Cloture Motion to bring S-2578 to a vote – Murray/Reid bill to Overturn Hobby Lobby Ruling – July 16, 2014 – Failed – 56-43 (needing 60) (Democrats in italics; “Independents” marked with “I”)

Voting “no”/pro-Life/pro-religious-freedom: Sessions & Shelby/AL, Flake & McCain/AZ, Boozman/AR, Rubio/FL, Chambliss & Isakson/GA, Crapo & Risch/ID, Coats/IN, Grassley/IA, Moran & Roberts/KS, McConnell & Paul/KY, Vitter/LA, Cochran & Wicker/MS, Blunt/MO, Fischer & Johanns/NE, Heller & Reid/NV, Ayotte/NH, Burr/NC, Hoeven/ND, Portman/OH, Coburn & Inhofe/OK, Toomey/PA, Graham & Scott/SC, Thune/SD, Alexander & Corker/TN, Cornyn & Cruz/TX, Hatch & Lee/UT, Johnson/WI, and Barrasso & Enzi/WY.

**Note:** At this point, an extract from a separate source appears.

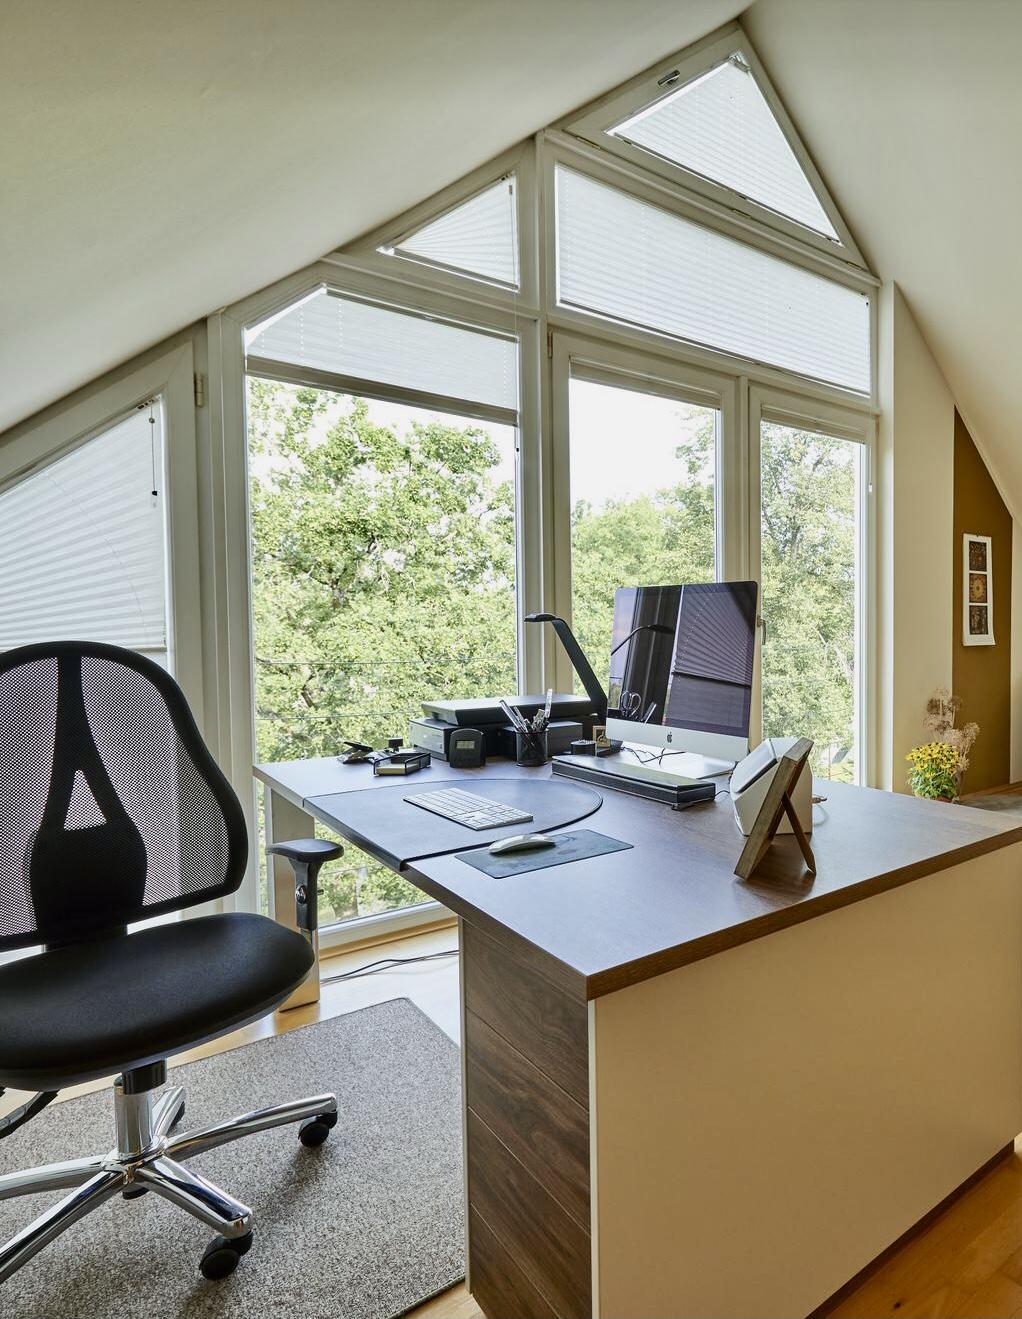 www.ideenraumgeben.de-umgestaltung-eines-grossen-home-office-mit-toller-aussicht-66d1c67a-bef0-45de-9ef1-0f61c58fe5f9

Voting “yes”/anti-Life/anti-religious-freedom: Begich & Murkowski/AK, Pryor/AR, Boxer & Feinstein/CA, Bennet & Udall/CO, Blumenthal & Murphy/CT, Carper & Coons/DE, Nelson/FL, Hirono/HI, Durbin & Kirk/IL, Donnelly/IN, Harkin/IA, Landrieu/LA, Collins & King(I)/ME, Cardin & Mikulski/MD, Markey & Warren/MA, Levin & Stabenow/MI, Klobuchar & Franken/MN, McCaskill/MO, Tester & Walsh/MT, Shaheen/NJ, Booker & Menendez/NJ, Heinrich & Udall/NM, Gillibrand & Schumer/NY, Hagan/NC, Heitkamp/ND, Brown/OH, Merkley & Wyden/OR, Casey/PA, Reed & Whitehouse/RI, Johnson/SD, Leahy & Sanders(I)/VT, Kaine & Warner/VA, Cantwell & Murray/WA, Manchin & Rockefeller/WV, and Baldwin/WI.

Not voting: Schatz/HI.

[Life Advocacy Briefing editor’s note: Senate Majority Leader Harry Reid was actually a moving force behind this measure and its cloture motion; it was Sen. Reid who chose to put this bill on a fast-track, bypassing committee and putting this proposal to an immediate vote ahead of pressing matters of government. The sole reason for his vote against the cloture motion was a parliamentary maneuver to qualify him to later pose a motion to reconsider the vote by which this motion lost. Though he is listed along with Senators who voted “pro-life” in voting “no” on cloture, his vote should not be read that way.]